Asked where they’re at in the 21/22 production timeline and how they’re going to evaluate the 20/21 season, a brand rep said: “We are currently making our 21/22 collection, but that is just a designed collection. We’re going to wait and see if there’s a second wave of COVID and if our big number models aren’t moving the way we need them to, then we will have to look at the carry-over model. But we can’t tell for sure until ski resorts don’t open, or until there’s a second wave. In the worst-case scenario, we go full carry-over, or a few models, or hopefully – best case scenario – make a new collection and maybe just do a carry-over season in the southern hemisphere so we can shift overstock to Australia, NZ and South America.” Another brand added that, “we operate differently across different countries, but we mainly offered most retailers the ability to adapt their pre-order in August, to change a certain amount of their pre-order when they see how business is unfolding. Out of this range we also offered the option to return after New Year if the season goes really bad.” With another brand stating that “if the season is going well, we need new and exciting products. But if it’s going really badly, we’ll definitely need to carry-over. But we’ll be making our decision later this year.”

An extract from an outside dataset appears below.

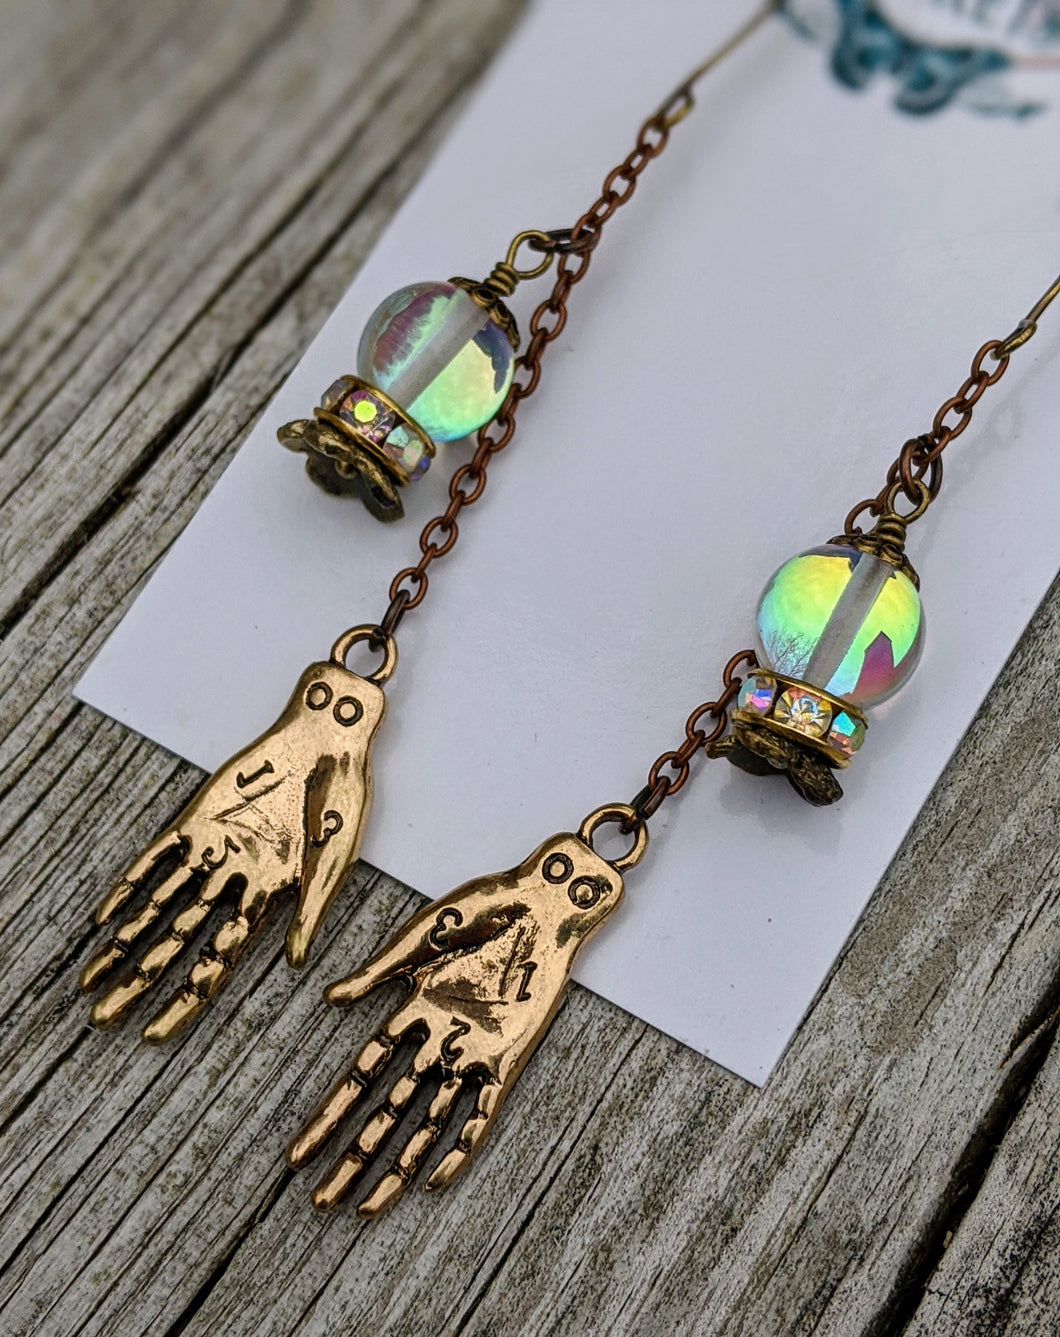 Palmistry and Fortune Teller Crystal Ball Earrings II - Minxes' Trinkets

An alternative idea to the carry-over model came from one retailer who suggested “instead of dropping a new collection each year, I think it’s better to drop something new all the time. Drop a single instead of the whole album. The customer knows the cycle, they know when it’s new and when it goes on sale, and I think it’s more exciting to see something a little fresher.” A great analogy and definitely food for thought for brands. One brand talks about carry-over as being “a good option whereby we keep the value of the products.” They cited British cycling brand Rapha as the ultimate example of a brand working on a carry-over model on 50% of their styles. “This brand is growing faster than any other brand in the cycling industry, because they go on sale with special timings during the season. For three weeks they go on sale at 20-30% and after the deadline they go back to full price on the carry-over and if the consumer misses the sale period, they have to wait for the next one six months later. And because people have to pay the right/correct value for the product, the value the brand gave to it, the consumer is still excited by the product.”

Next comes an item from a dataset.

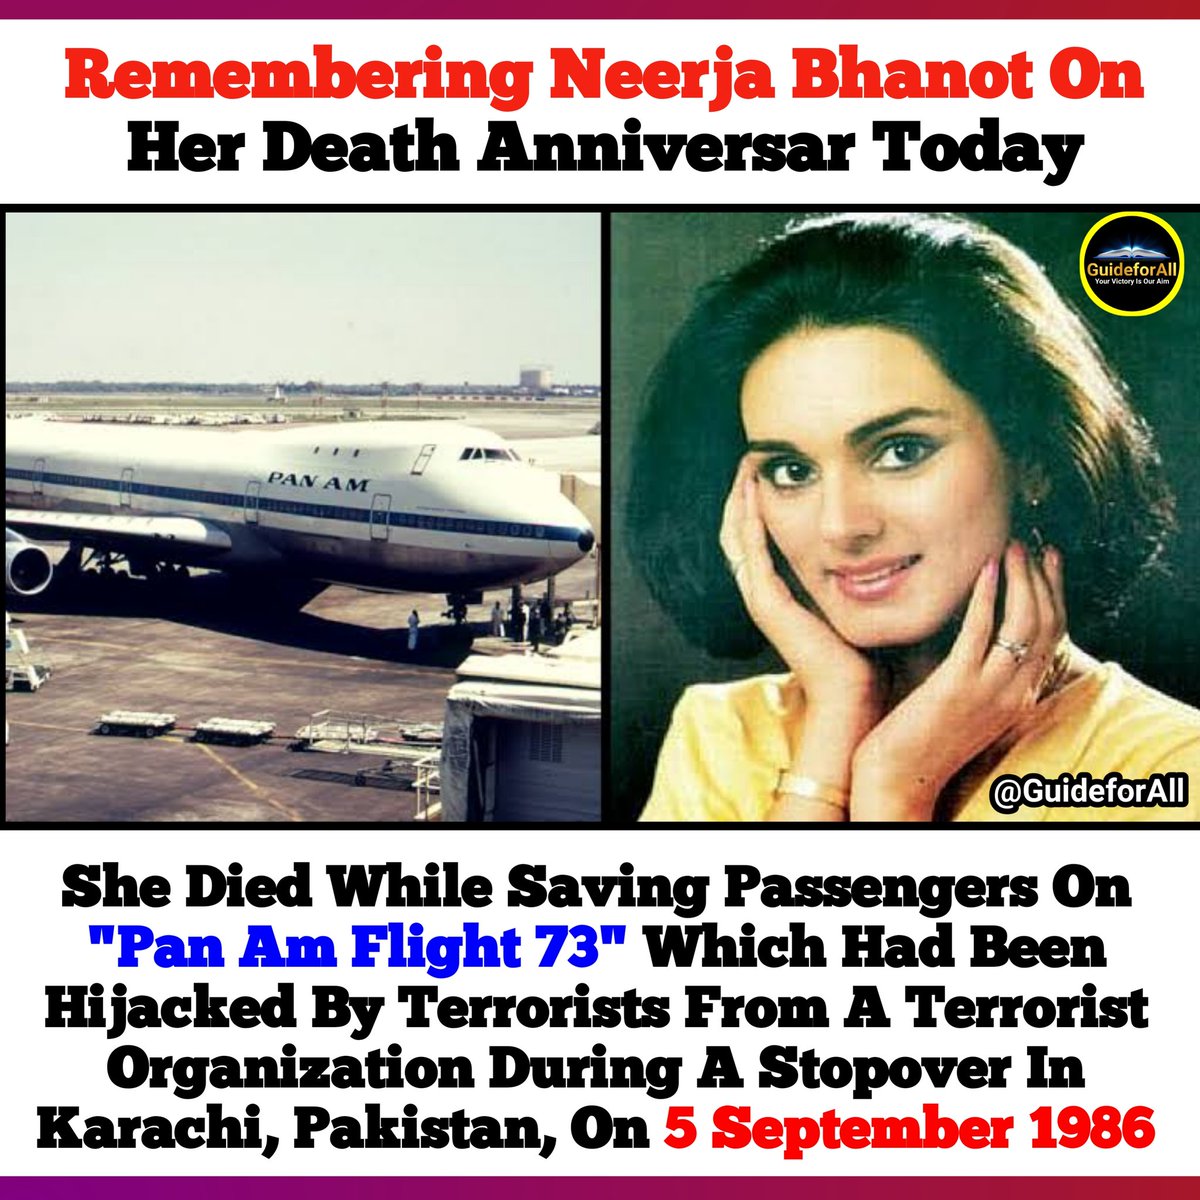 Sept 05: Remembering #NeerjaBhanot on her death anniversary today.

Discounting was a hot topic, and one we are carefully assessing as to how we can help the industry combat in the future without infringing any laws on price fixing. One Zoom attendee said, “shops at 20-25% off in early season goes against any margin principals. My fear going forward is considering the tough season just been, are these big online discounters going to be selling new season product at a discounted rate early season? If they are then it becomes catastrophic for the retailers who actually want to make some money and survive this. Brands have to realise that achieving volume by just selling to the big discounters isn’t a smart move and it ends badly for a lot of retailers and brands.”